How has the state-of-the-art for quantification of landscape pattern advanced in the twenty-first century?

  • Eric J. GustafsonEmail author



Landscape ecology was founded on the idea that there is a reciprocal relationship between spatial pattern and ecological processes. I provide a retrospective look at how the state-of-the-art of landscape pattern analysis has changed since 1998.


My objective is to show how pattern analysis techniques have evolved and identify some of the key lessons learned.


The state-of-the-art in 1998 was derived from information theory, fractal geometry, percolation theory, hierarchy theory and graph theory, relying heavily on the island-patch conceptual model using categorical maps, although point-data analysis methods were actively being explored. We have gradually winnowed down the list of fundamental components of spatial pattern, and have clarified the appropriate and inappropriate use of landscape metrics for research and application. We have learned to let the objectives choose the metric, guided by the scale and nature of the ecological process of interest. The use of alternatives to the binary patch model (such as gradient analysis) shows great promise to advance landscape ecological knowledge.
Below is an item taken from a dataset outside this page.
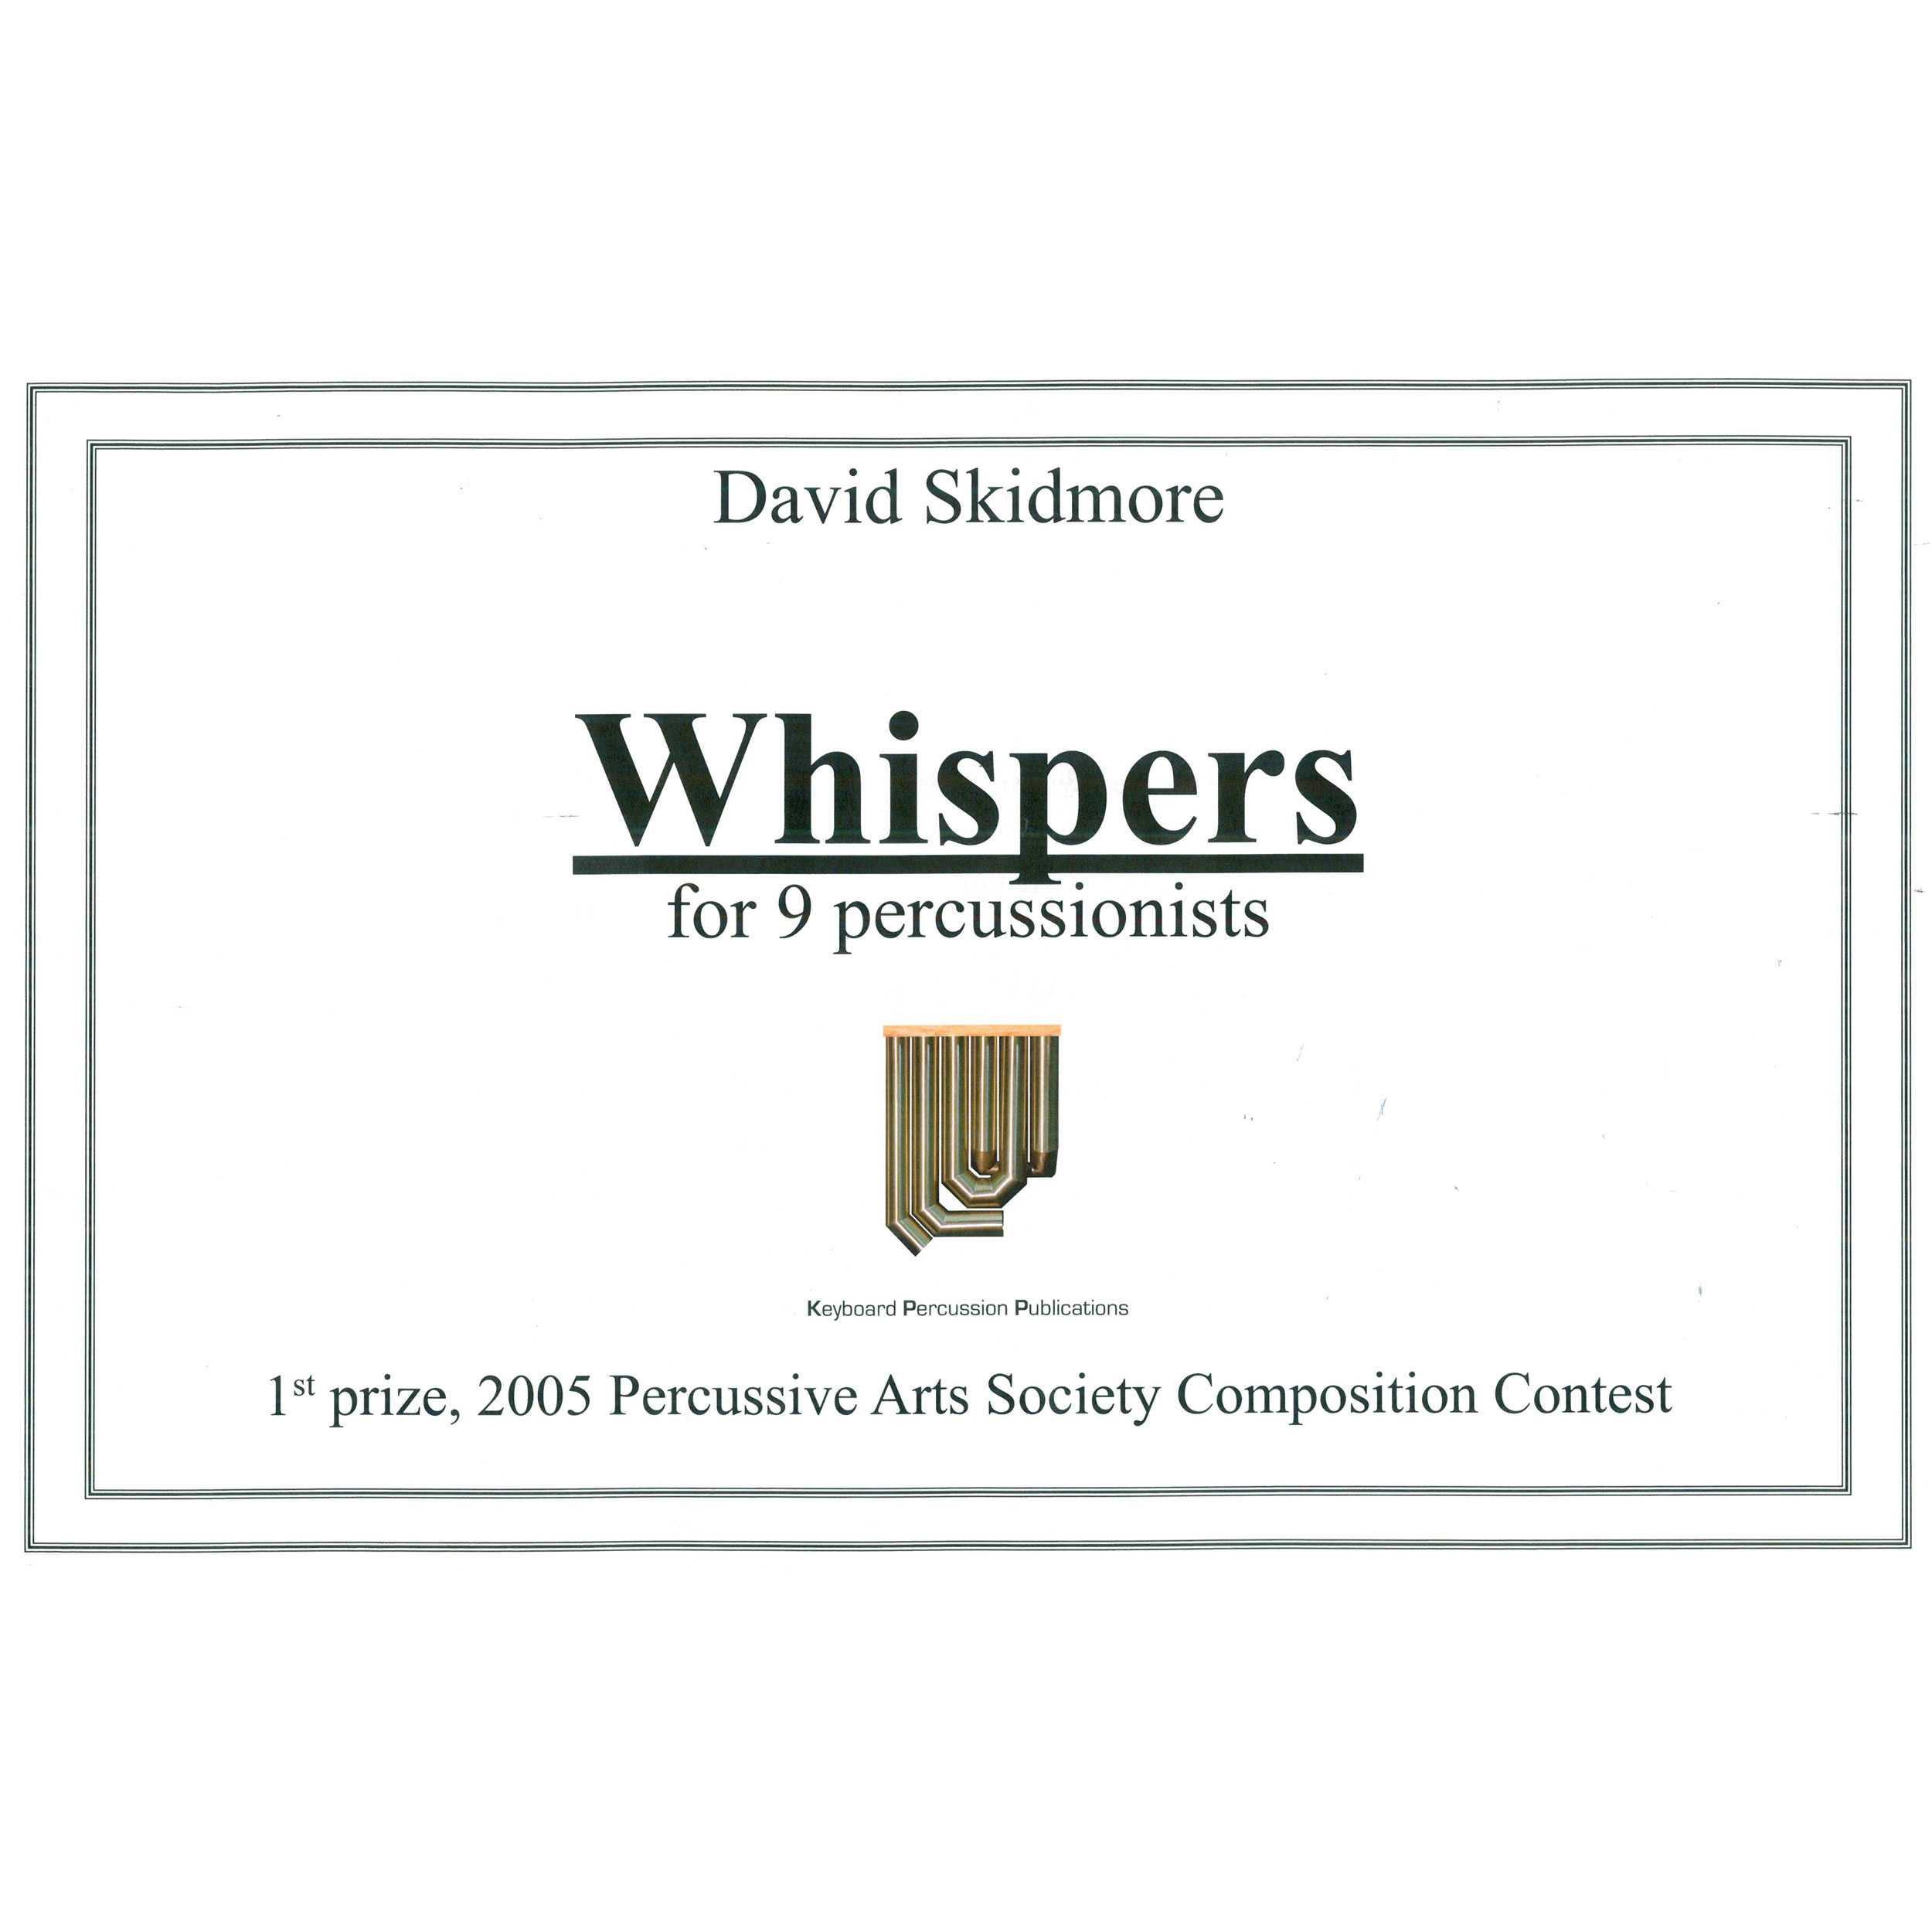 Whispers 2 by David Skidmore
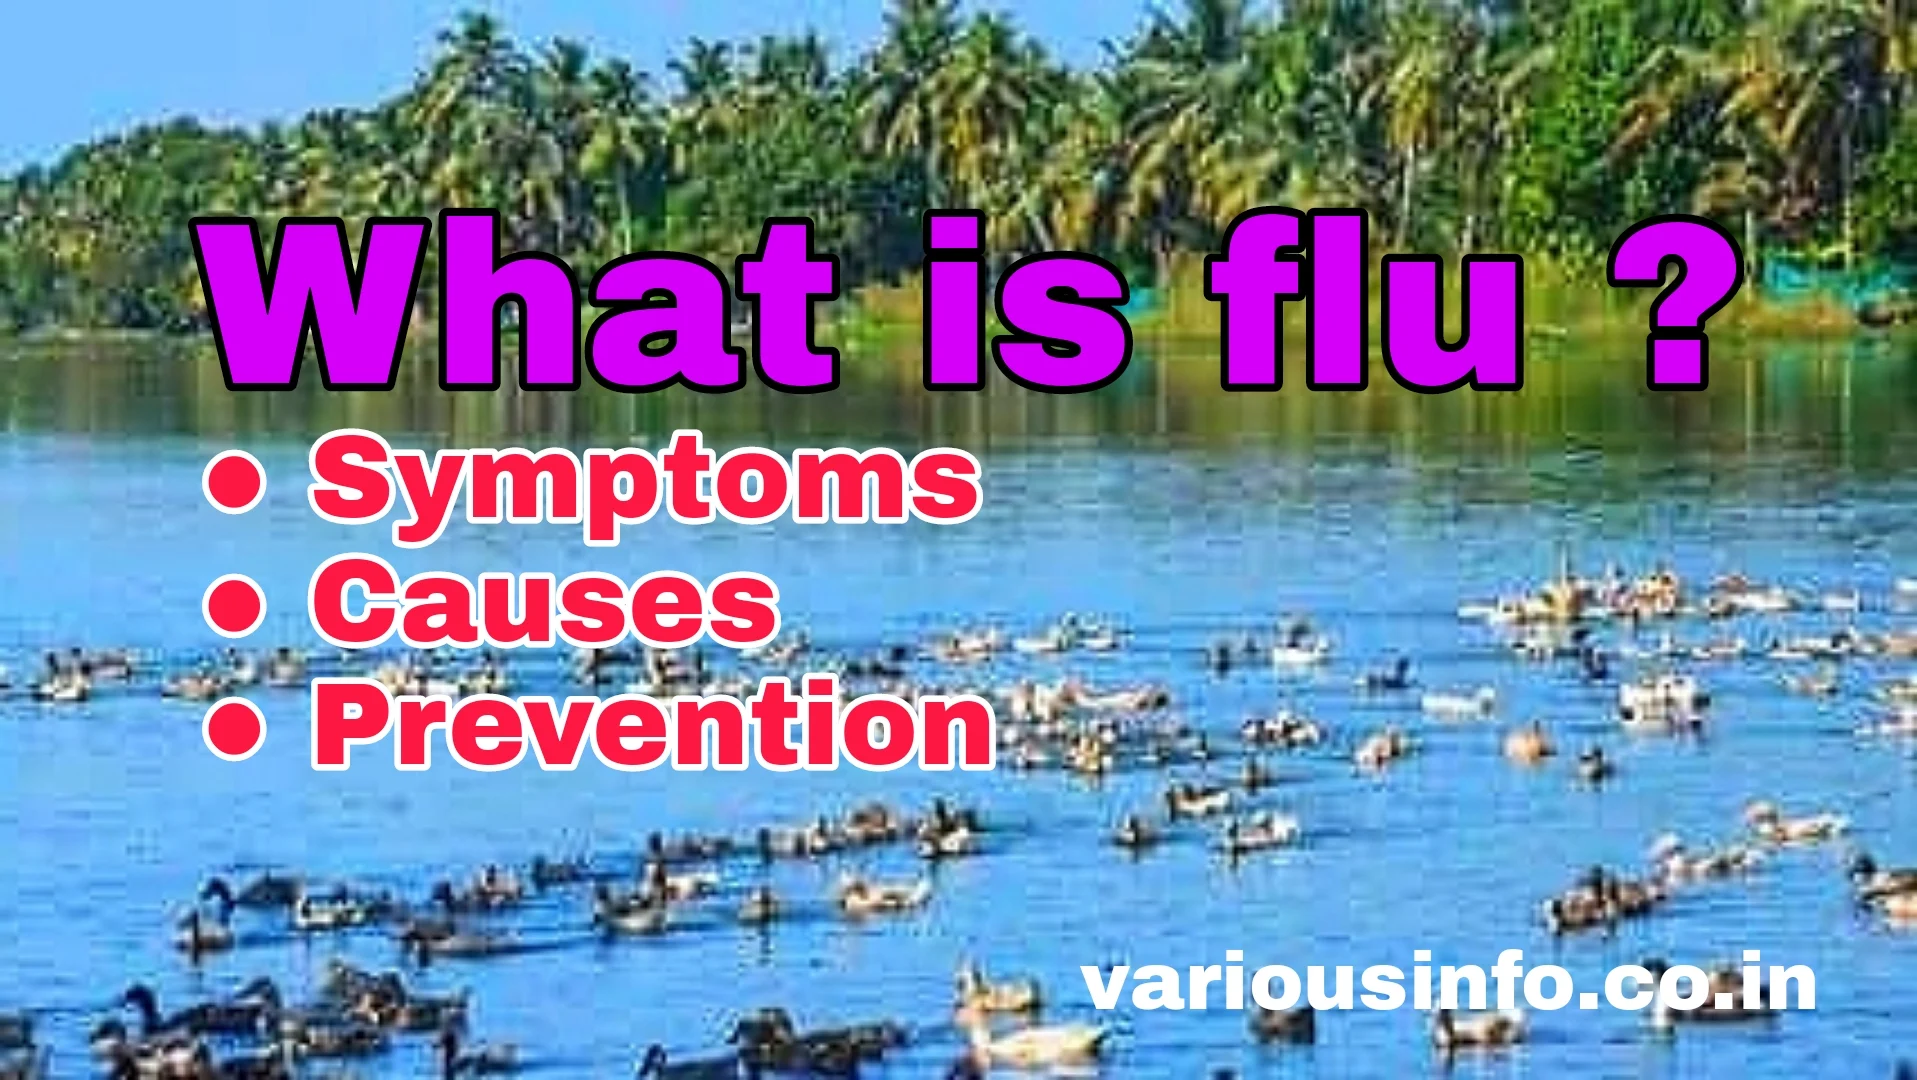 What is avian flu  Bird Flu Virus, Another Name, Symptoms and Identification, Causes and Risk Factors, Bird Flu Prevention

The patch paradigm is often of limited usefulness, and other ways to represent the pattern of landscape properties may reveal deeper insights. The field continues to advance as illustrated by papers in this special issue.


Spatial pattern Metrics Indices Landscape ecology Scale Spatial heterogeneity 



I thank Kurt Riitters, Marie-Josée Fortin, Nancy McIntyre and an anonymous reviewer for critical reviews of earlier drafts of the manuscript.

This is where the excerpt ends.